Another consideration is the security and privacy of what you are sharing with an LLM. Individual models have different terms around data sharing and mining, and most users would struggle to describe in detail where their data is going after pressing enter. If you readily share intellectual property, you may find it becoming part of the next batch of training data and may risk it becoming directly accessible to competitors through their own use of LLMs.
Avoiding the trap.
There is a key difference between the two ways people use generative AI, and it is this difference that will save users from being caught by ‘the trap.’ We’ve examined users outsourcing their thinking time to LLMs, but what if there is another, safer way, to approach LLM use?

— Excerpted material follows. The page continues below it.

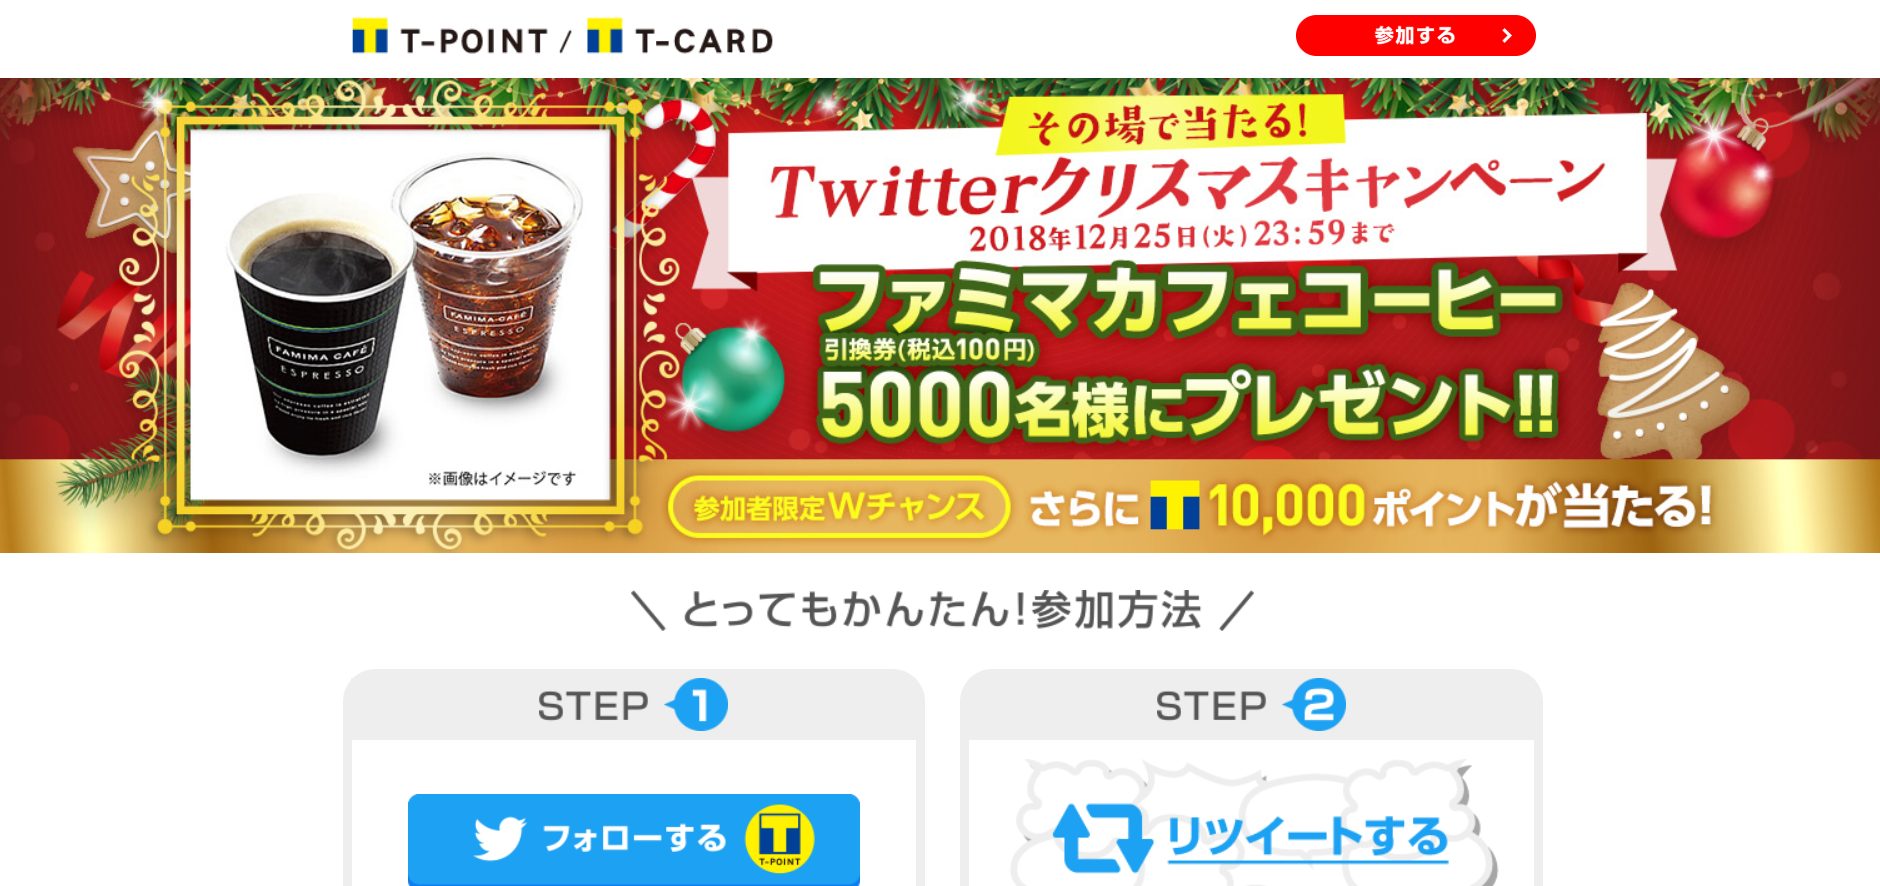 twitter-campaign-tpoint

Augmentation is actively using generative AI to iterate and sharpen your own thinking, further bolstering your prior subject knowledge. Bouncing ideas around, stress-testing your arguments and exploring angles you hadn’t considered, but importantly the user is still applying critical thinking and making the final call.
Staying sharp.
Treat LLMs as a place to review and refine your ideas: ask for another take on the subject, presenting counterarguments and finding holes in your claims. When users request purely generative copy, that’s when they fall into the trap.
Review and refine the LLM’s ideas: it’s a two-way street, the same scrutiny applies in reverse to the LLM. Fact check and cross-reference, ensure that you are not being deceived, ultimately if you can’t verify… should you really be using it?
Know when to say no thank you: sometimes it’s best to just do it the old-fashioned way, human intelligence still has a much-needed place!